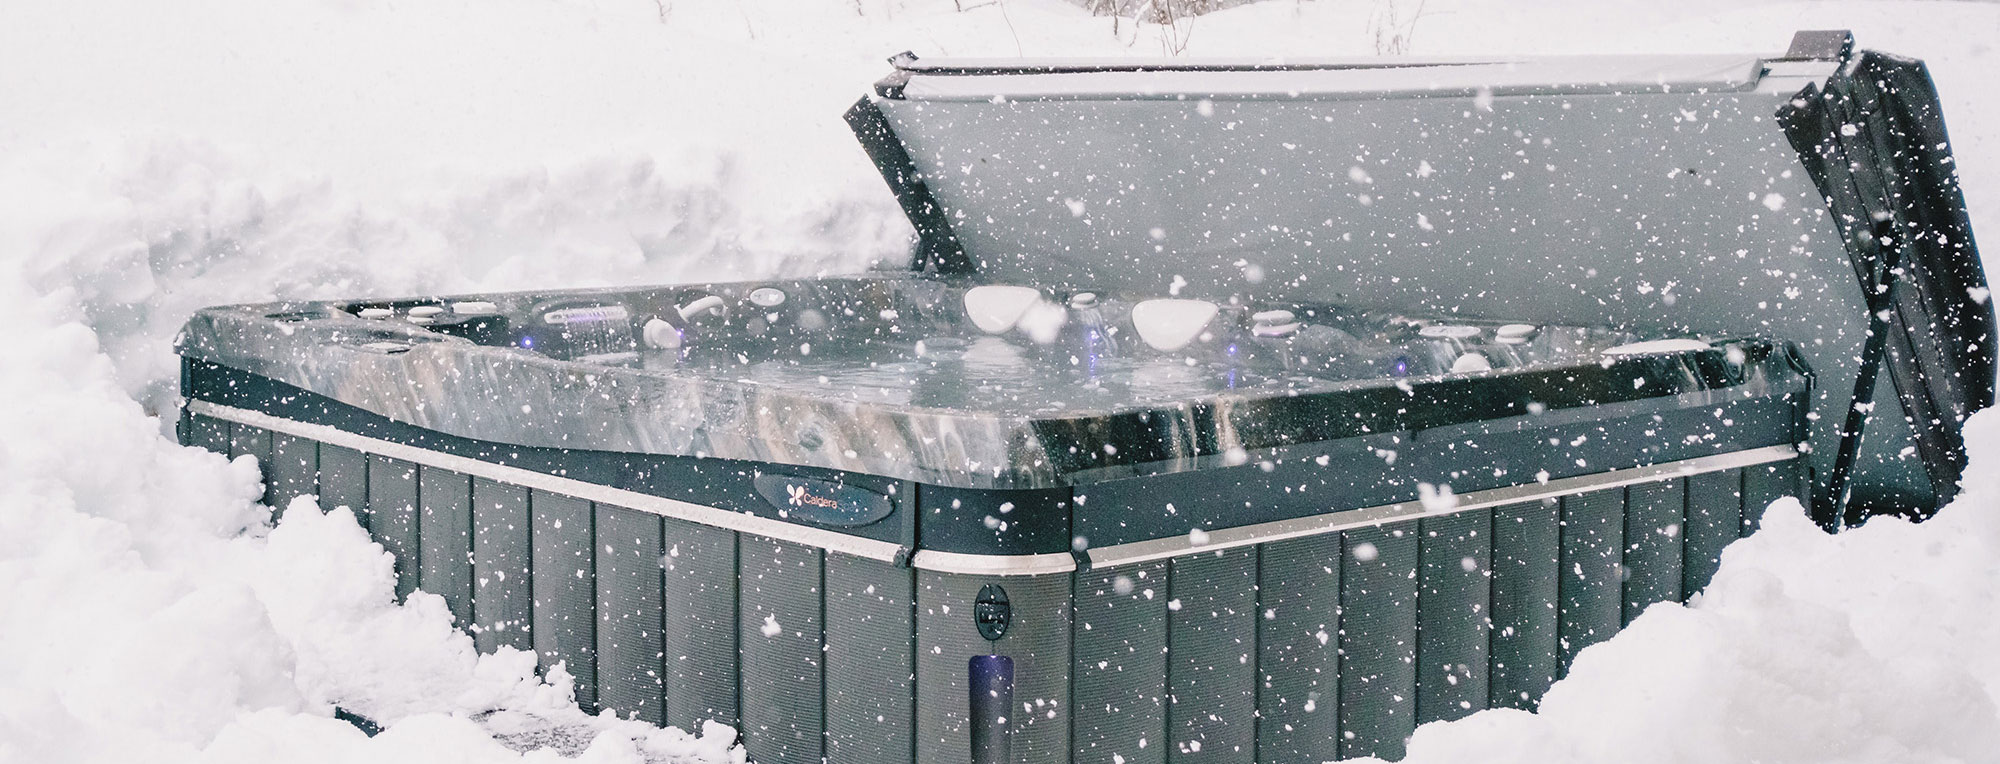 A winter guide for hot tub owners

* * *

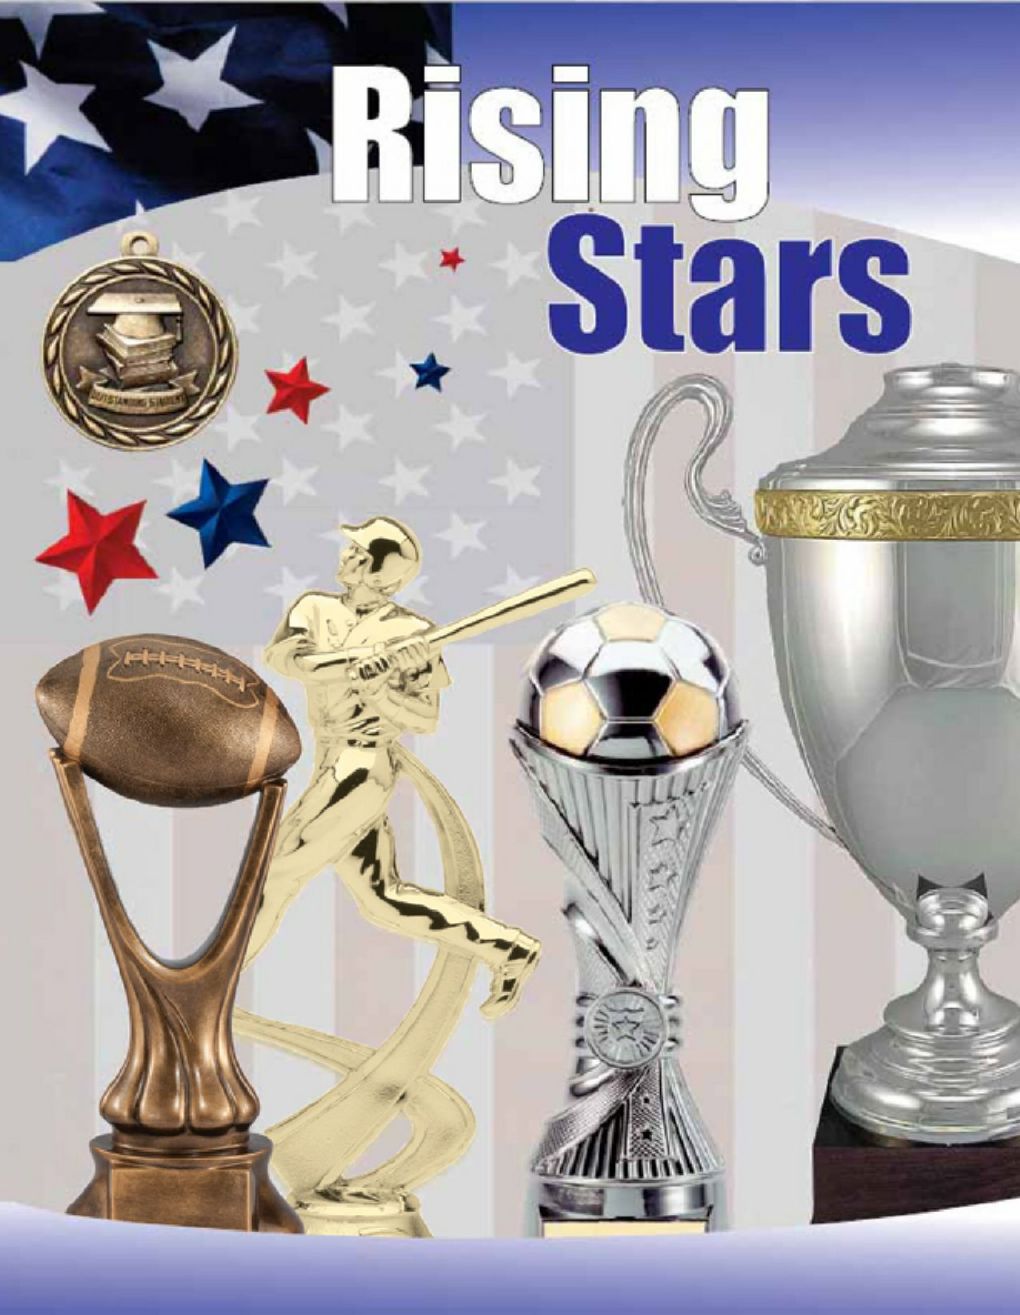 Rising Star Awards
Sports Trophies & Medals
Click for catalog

PROBLEM: Look through the listing above for the line with "Rising Star Awards" and the line with "Click for catalog". Write out exactly those lines and everything between, leaving out pictures.

WRITTEN SOLUTION:
 Rising Star Awards
Sports Trophies & Medals
Click for catalog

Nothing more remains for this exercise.